[COLLECTED DATA]

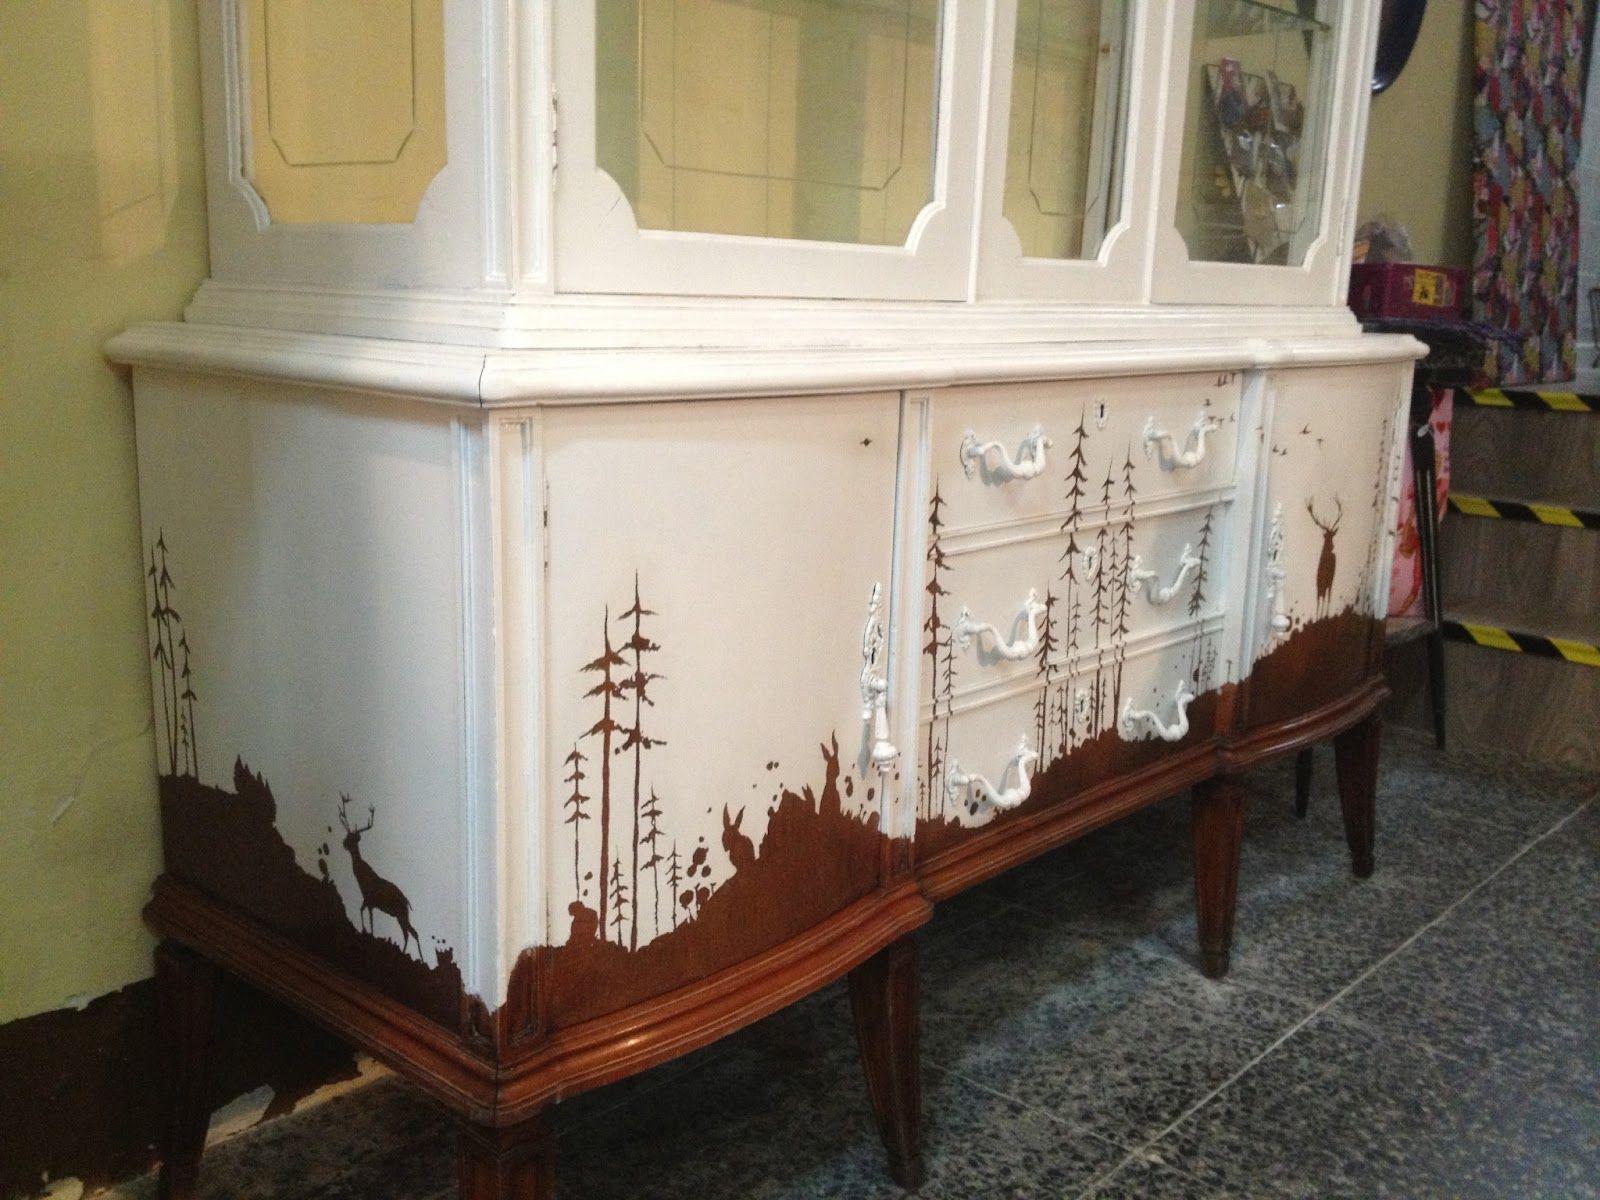 Muebles Restaurados - Patina Blanco Antiguo Buscar Con Google Madera Cosas [mjhdah]http://www.malanasworkshop.com/wp-content/uploads/2014/06/muebles-restaurados-1170×691.jpg
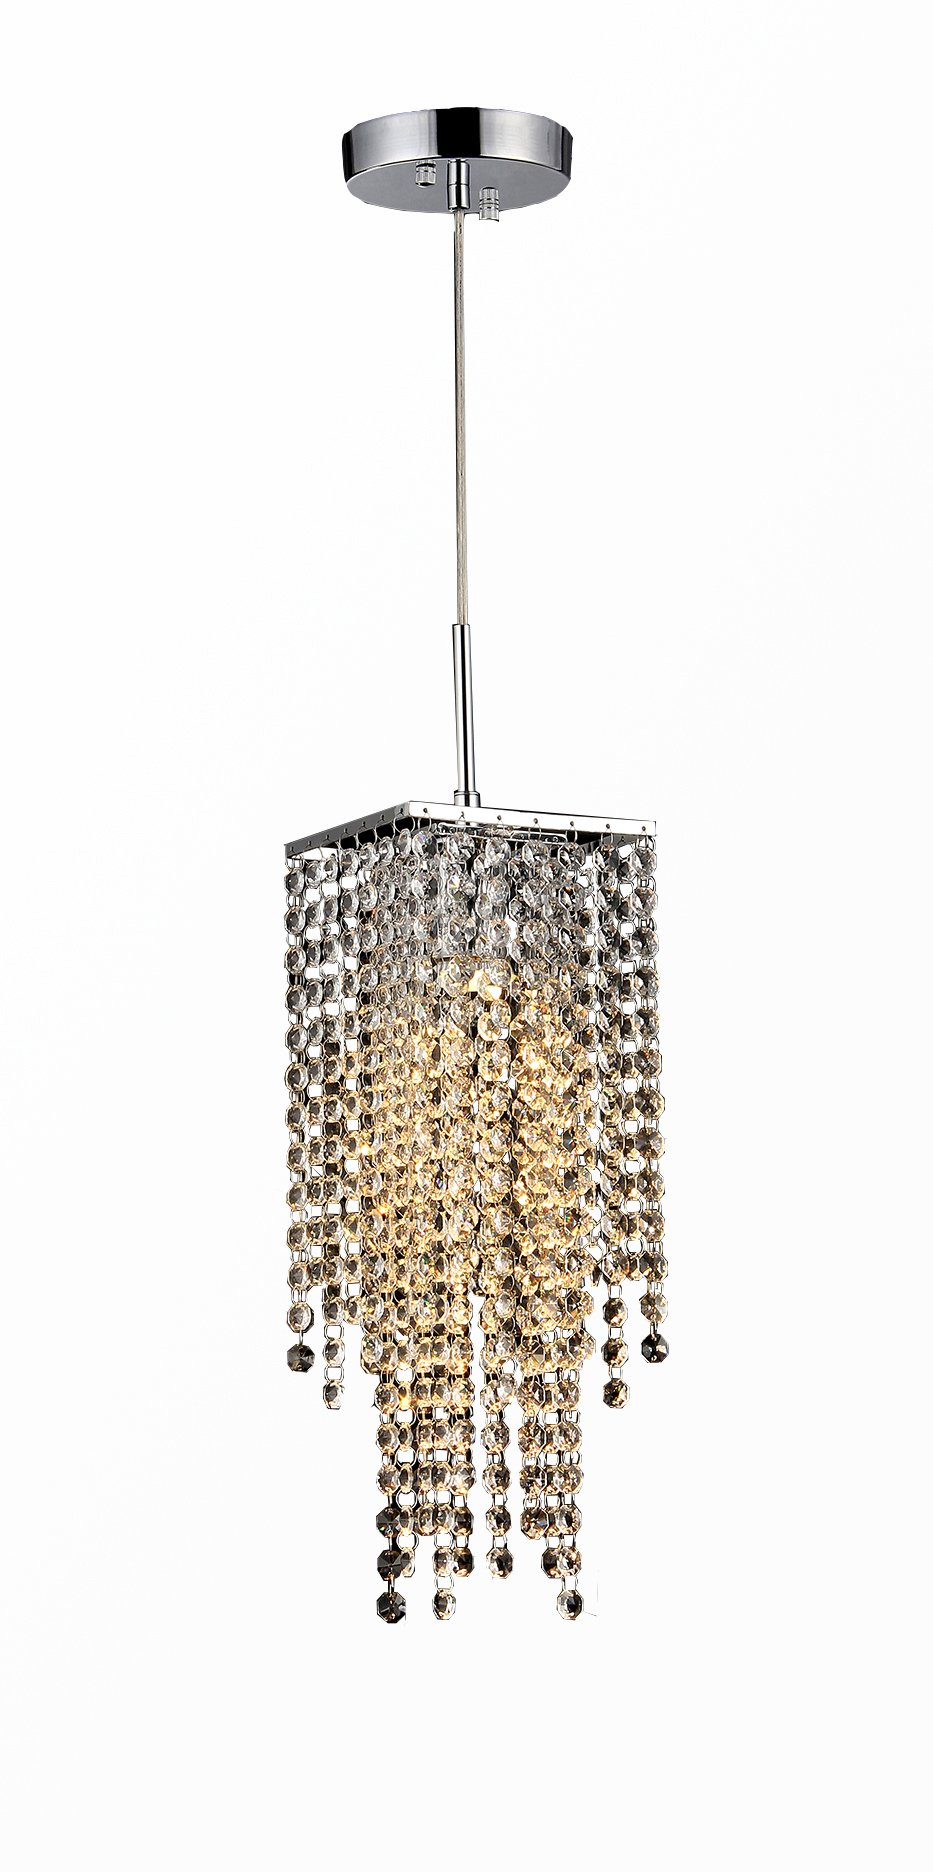 Whse of Tiffany RL8032 Sheea 1-Light Crystal Falls Chrome Chandelier
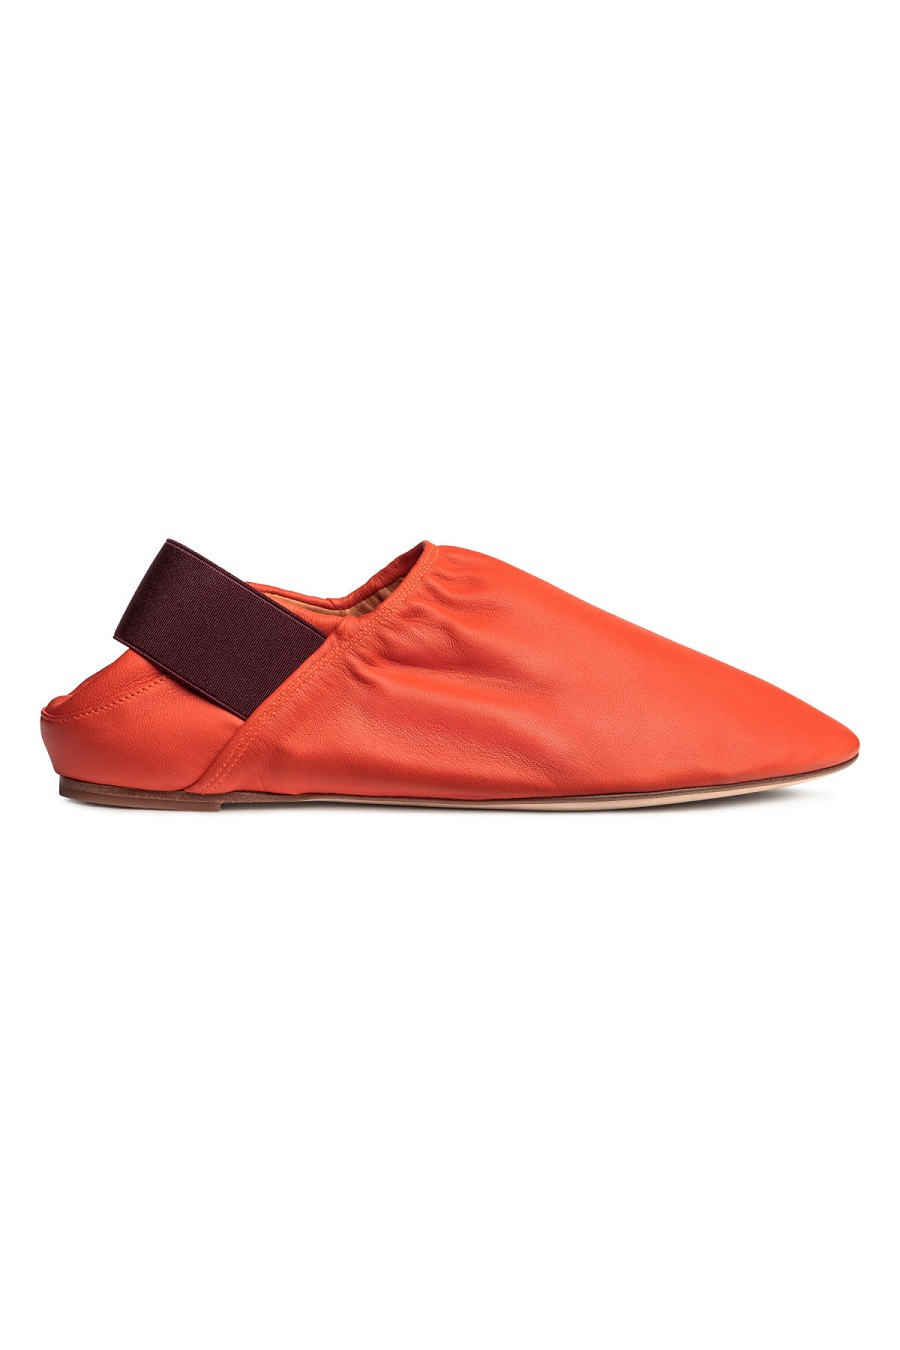 Tampil Kece saat Bukber, Sepatu Kamu Harus On Point

[/COLLECTED DATA]

WHAT NEEDS TO BE DONE — Copy the data word for word and omit every picture.

YOUR SOLUTION —
 Muebles Restaurados - Patina Blanco Antiguo Buscar Con Google Madera Cosas [mjhdah]http://www.malanasworkshop.com/wp-content/uploads/2014/06/muebles-restaurados-1170×691.jpg
 Whse of Tiffany RL8032 Sheea 1-Light Crystal Falls Chrome Chandelier
 Tampil Kece saat Bukber, Sepatu Kamu Harus On Point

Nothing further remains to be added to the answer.